結婚し、子どもが生まれ、家族を養う立場になったからです。

毎月決まった日に給料が入る。

景気が悪くなっても、突然会社がなくなる心配はほとんどない。

住宅ローンを組むこともできる。

子どもの教育についても、ある程度先を見通して考えることができる。

若い頃には、それほど大きな魅力だと思っていなかった「安定」が、家族を持ってからは非常に大きな意味を持つようになりました。
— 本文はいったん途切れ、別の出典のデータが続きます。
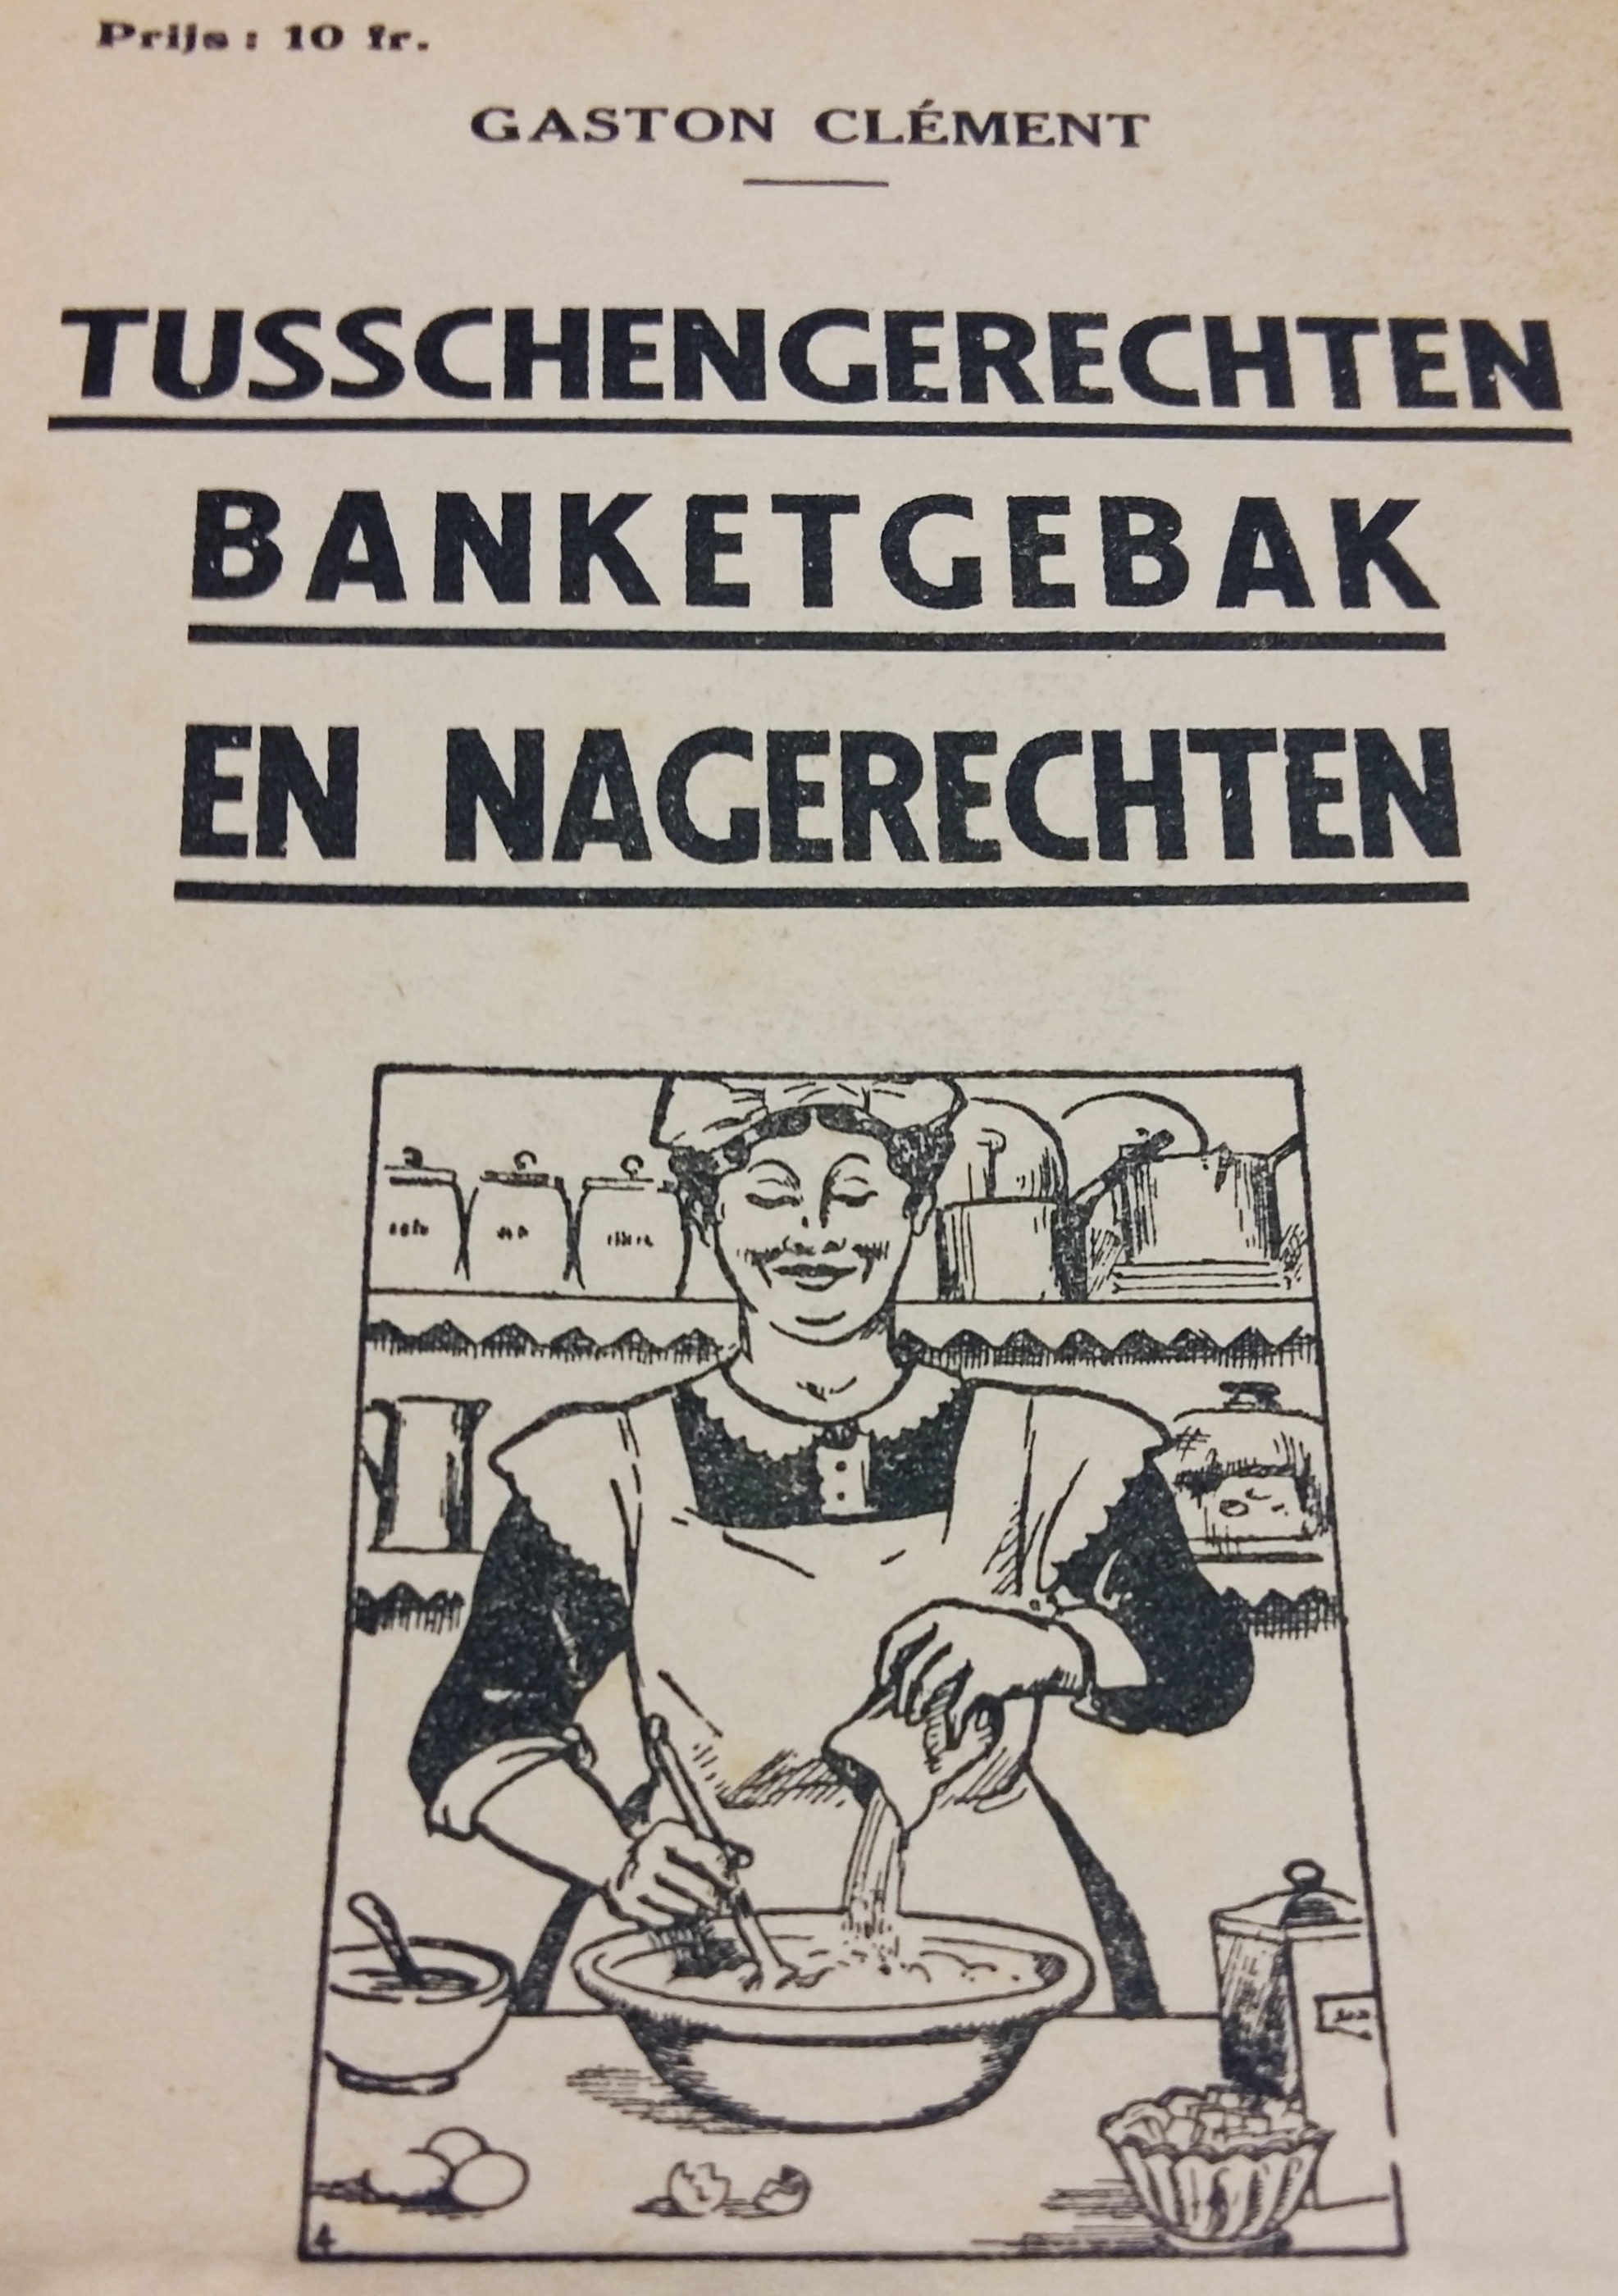 ‘Tusschengerechten, banketgebak en nagerechten’, ca. 1930. Collectie Erfgoedbibliotheek Hendrik Conscience, Antwerpen.

子ども二人を育て、二人とも中高一貫校へ通わせることができました。

住まいも、アパートからマンション、そして一戸建てへと変わりました。

派手な人生ではありません。

それでも、家族の生活を守りながら人生設計を立てられたことは、公務員として働いた大きなメリットだったと思います。

若い頃には分からなかった「安定」の価値

退職してから、もう一つ実感したことがあります。

年金です。

現役時代には、老後のことなど遠い未来の話でした。

ところが実際に年金を受け取る年齢になると、長く働き続けたことの意味を感じます。

また、現役時代には財形貯蓄や積立型の年金なども利用していました。

若い頃から少しずつ積み立ててきたものが、退職後の生活を支えてくれています。

在職中の給与だけではありません。

退職した後まで生活設計を立てやすい。

これは、長く公務員を続けて初めて分かったメリットでした。

ただし、公務員になれば老後が自動的に安泰になる、という意味ではありません。

制度も時代とともに変わります。

現役のうちから、自分で貯蓄や資産形成を考えておくことは必要だと思います。

公務員になって失ったものもある

では、公務員になったことに後悔はないのか。

そう聞かれると、少し考えてしまいます。

本当は弁護士になりたかった。

大学で理系を選び、物理を勉強してみたかったという思いもあります。

もっと大きな組織で仕事をしてみたかった。

違う世界に飛び込んでいたら、まったく別の人生があったのかもしれません。

しかし、それは公務員になったから失ったというより、一つの人生を選んだことで、選ばなかった人生が残ったということなのでしょう。

どんな道を選んでも、同じことなのかもしれません。

43年間働いた今、公務員になって良かったのか

公務員になって良かったのか。

今の私なら、

「良かったと思う」

と答えます。

若い頃に思い描いていたような公務員人生ではありませんでした。

腹を立てたこともあります。

辞めたいと思ったこともあります。

もっと違う人生があったのではないか、と考えたこともあります。

それでも長い年月を振り返ると、公務員という仕事が私と家族の生活を支えてくれたことは間違いありません。

そして退職した今も、その恩恵を受けています。

だから、公務員を目指している若い人に「公務員はおすすめですか」と聞かれれば、

私は「おすすめできる仕事です」と答えます。

ただし、

安定しているから、という理由だけで選んでほしくはありません。

公務員も一つの仕事です。

人間関係もあります。

異動もあります。

理不尽なこともあります。

理想と現実の違いに悩むこともあります。

そのうえで、自分はどんな人生を送りたいのか。

そこまで考えて選んでほしいと思います。

43年間働いた私には、公務員になったことへの後悔はありません。

でも、

「もう一度20代に戻ったら、また同じ道を選ぶか」

と聞かれたら――。

私は少しだけ、答えに迷うと思います。